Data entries
++++

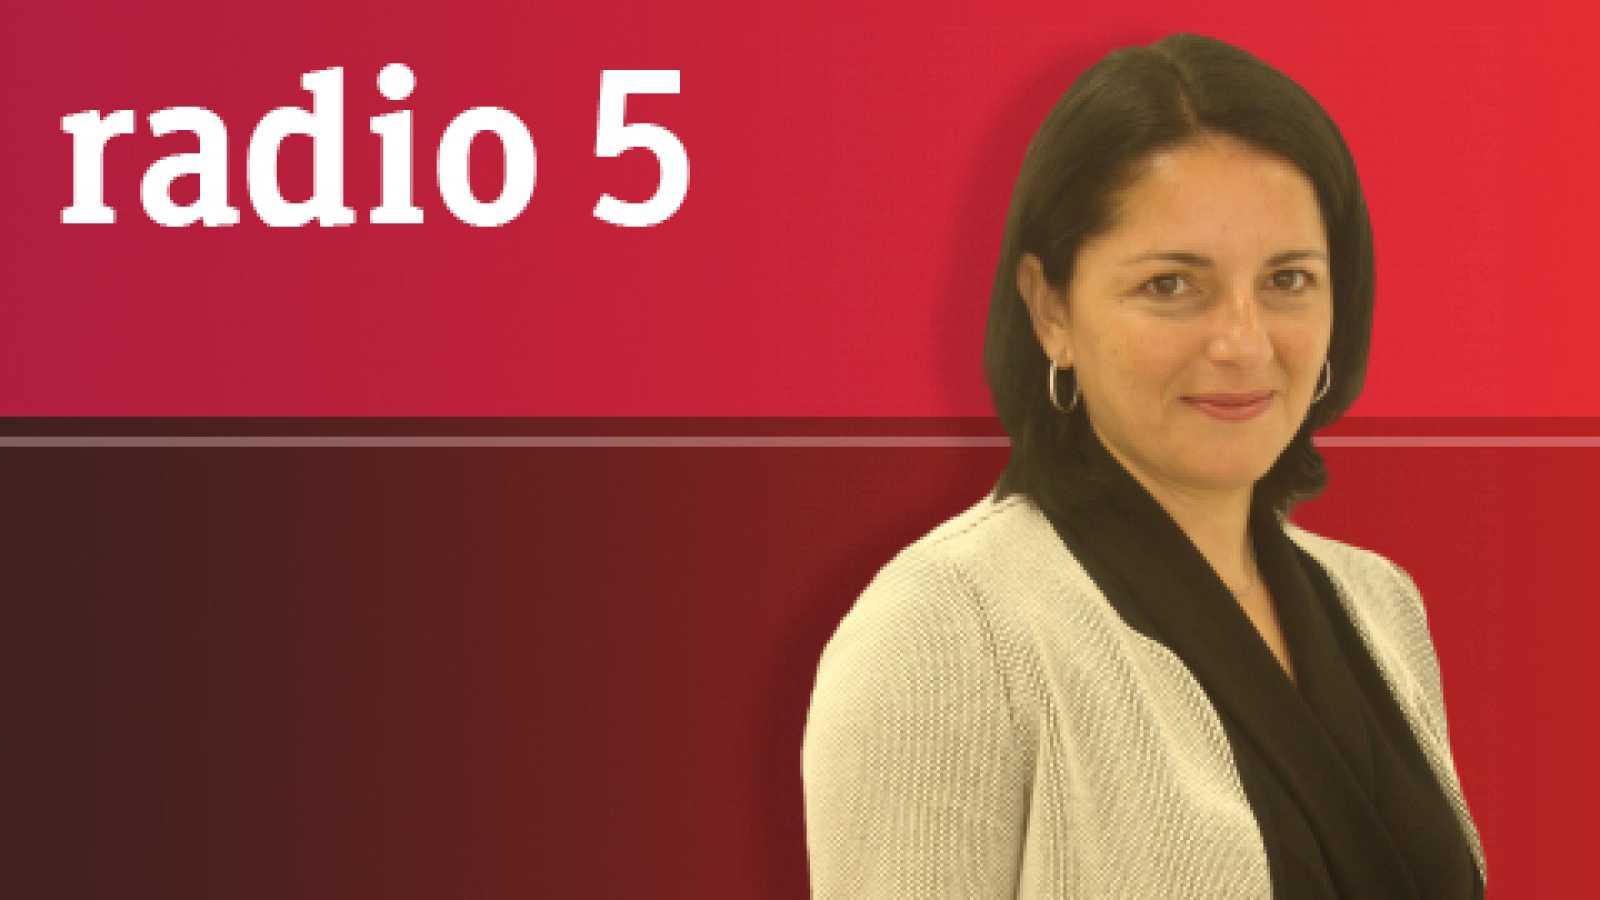 """Creando que es gerundio - ¿Qué puede hacer un """"influencer"""" cultural por la lectura? - 05/01/20 - escuchar ahora"""
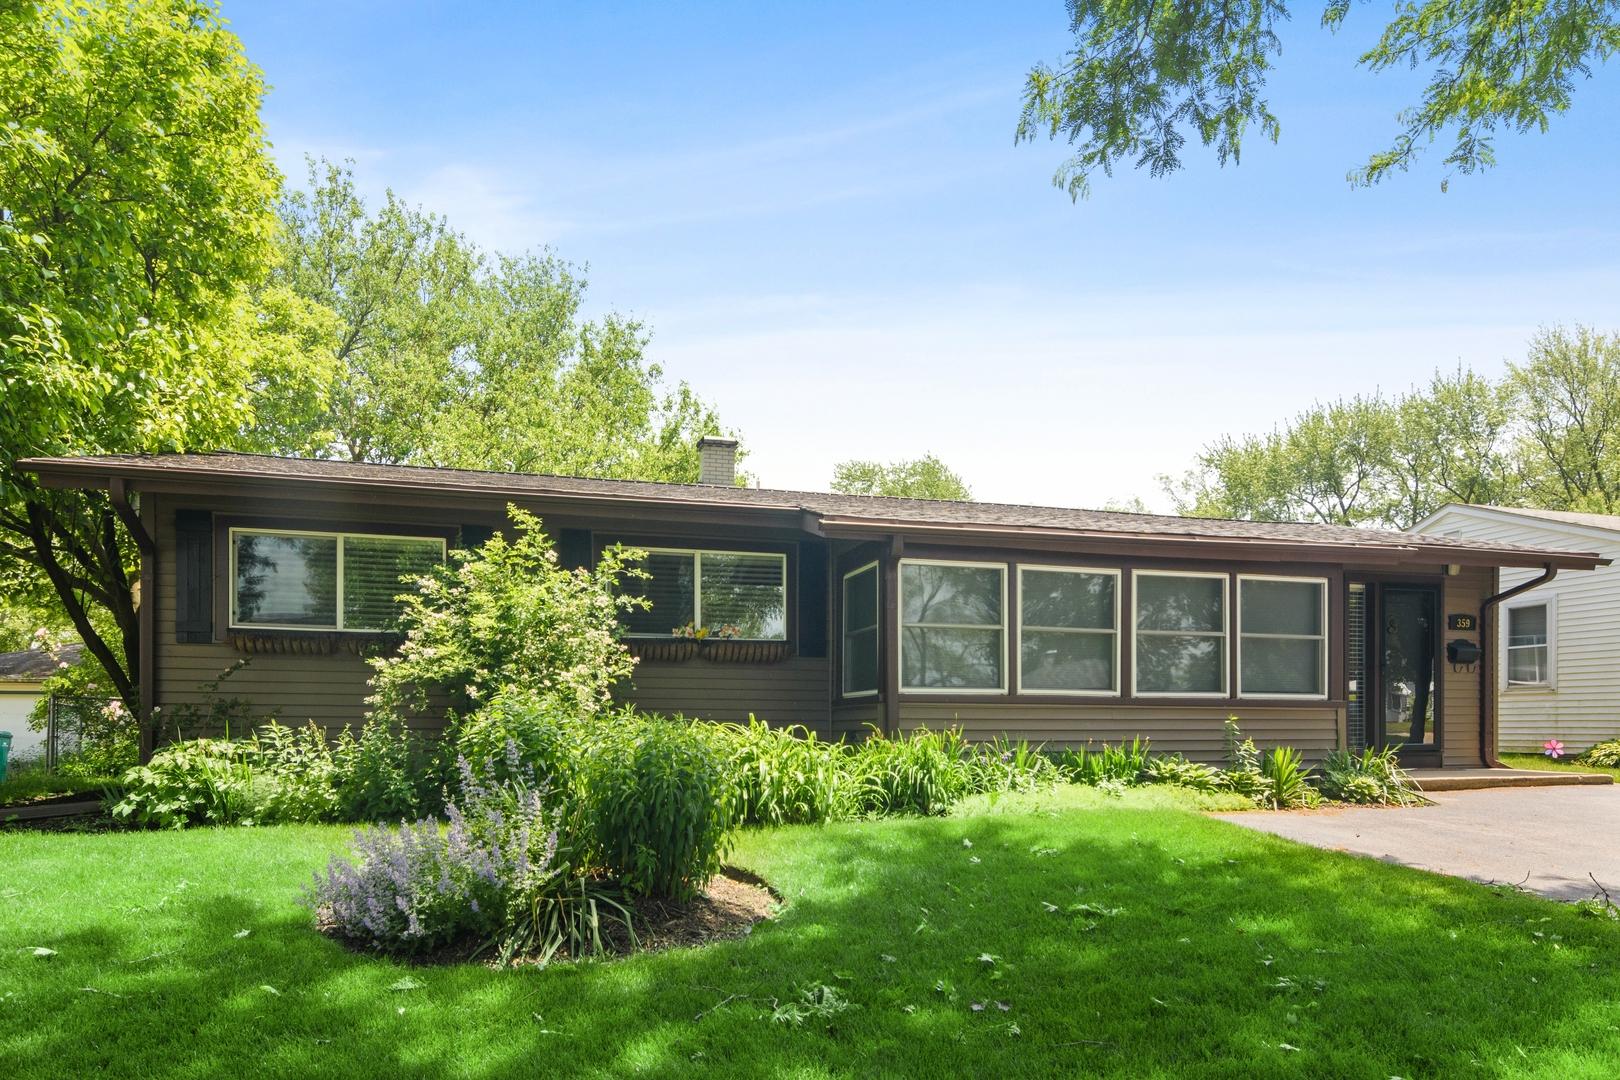 359 Lincoln Terrace, Buffalo Grove IL 60089
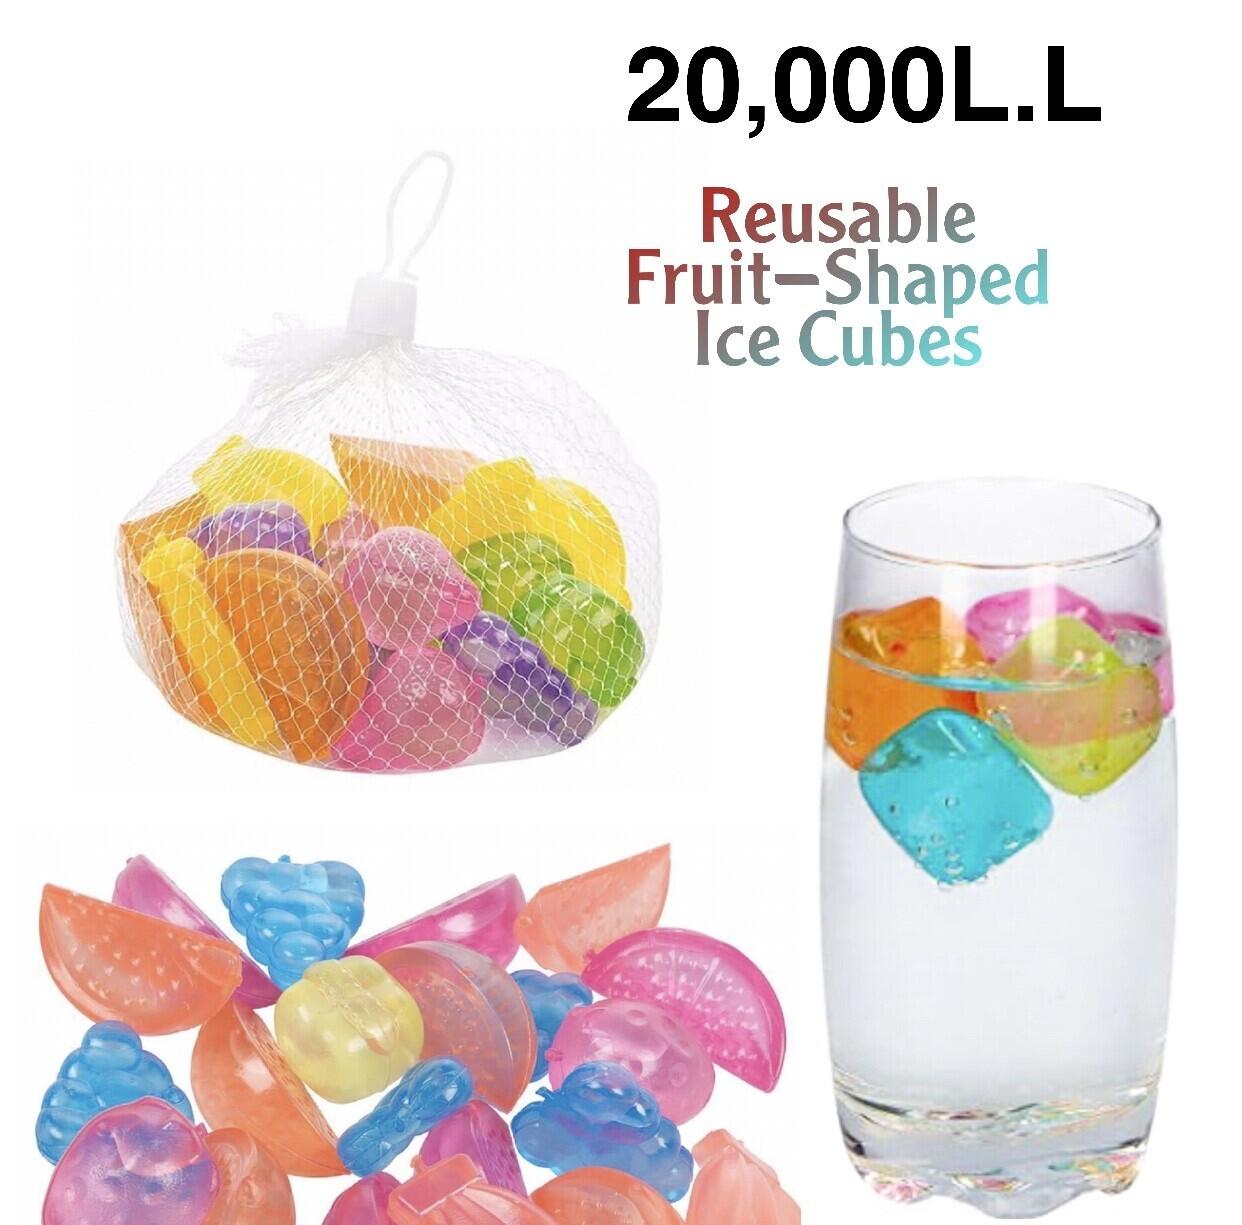 Fruit Shaped Ice Cubes
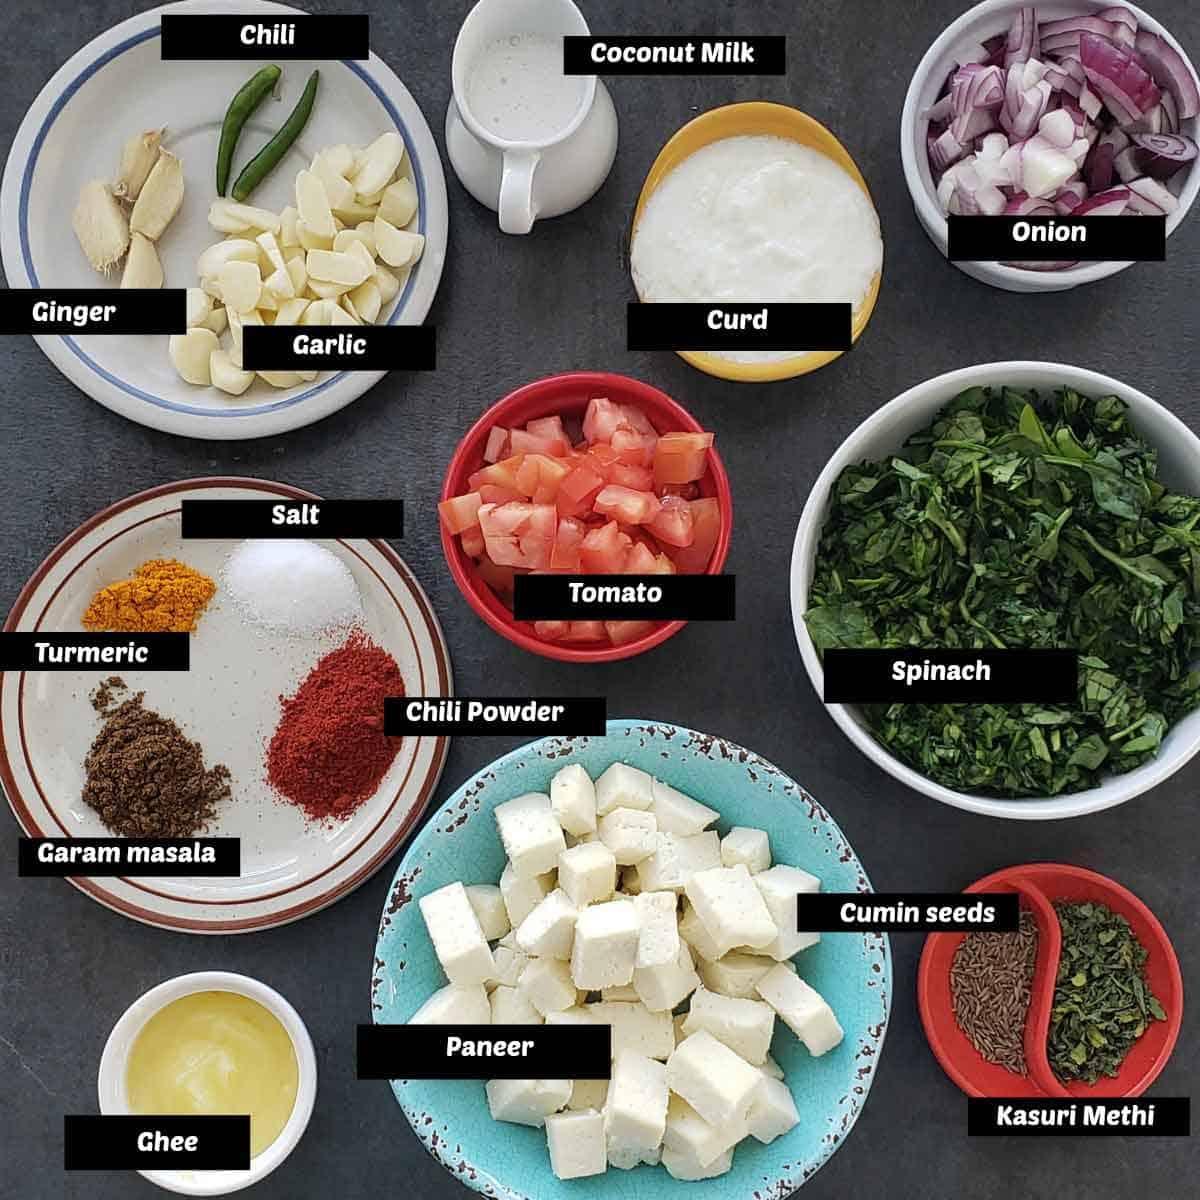 Pre measured ingredients for palak paneer
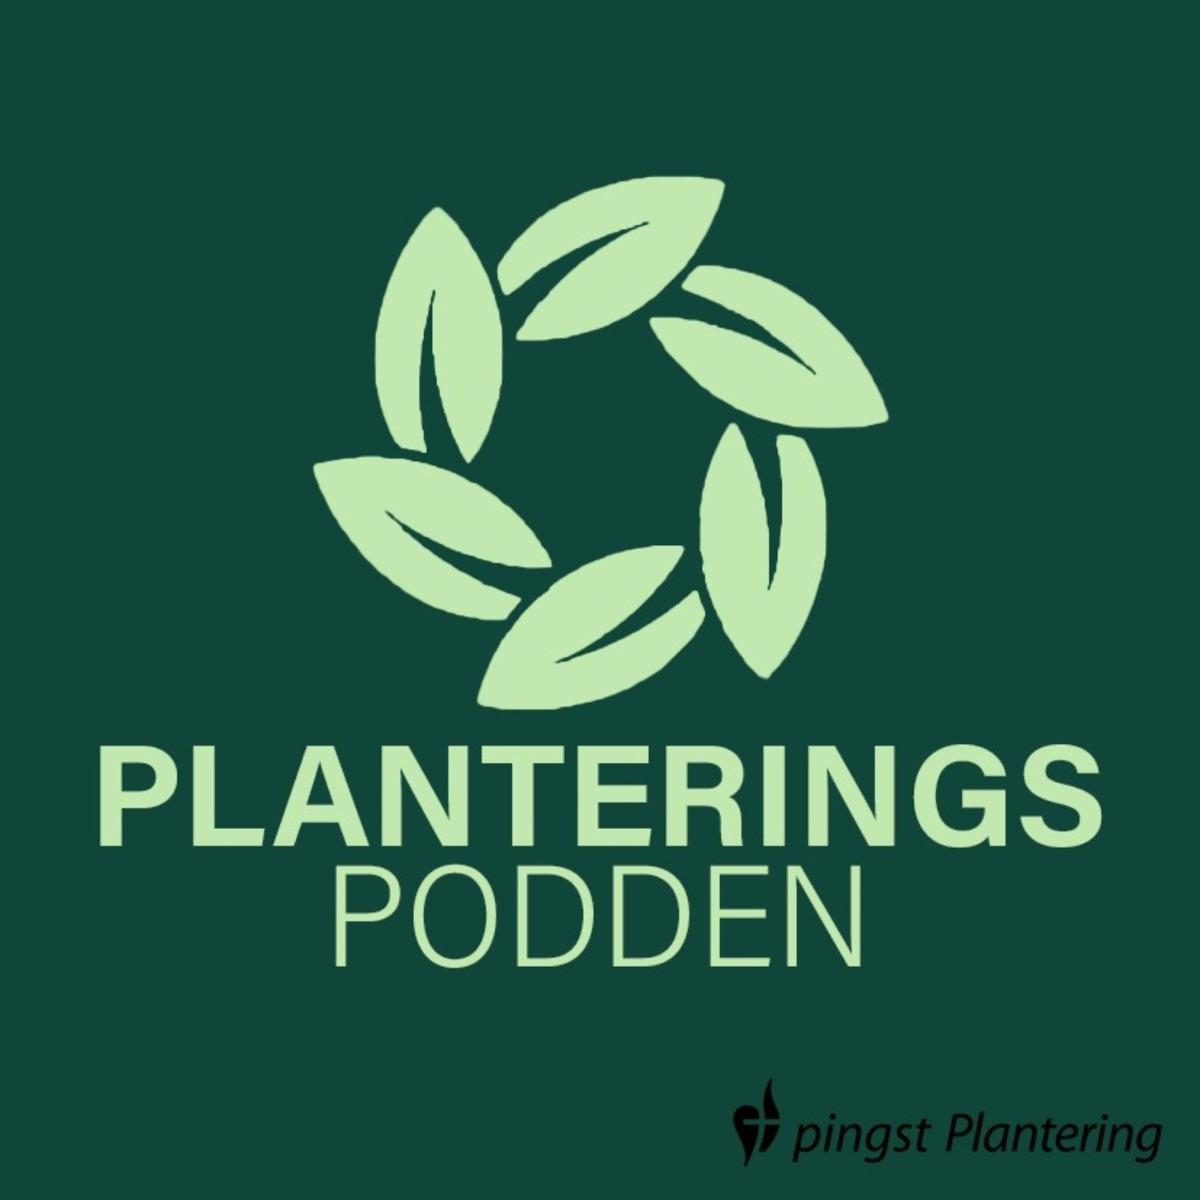 Planteringspodden

++++

-- Task details --
Output all the entries above verbatim, please. No images.

-- Written response --
 """Creando que es gerundio - ¿Qué puede hacer un """"influencer"""" cultural por la lectura? - 05/01/20 - escuchar ahora"""
 359 Lincoln Terrace, Buffalo Grove IL 60089
 Fruit Shaped Ice Cubes
 Pre measured ingredients for palak paneer
 Planteringspodden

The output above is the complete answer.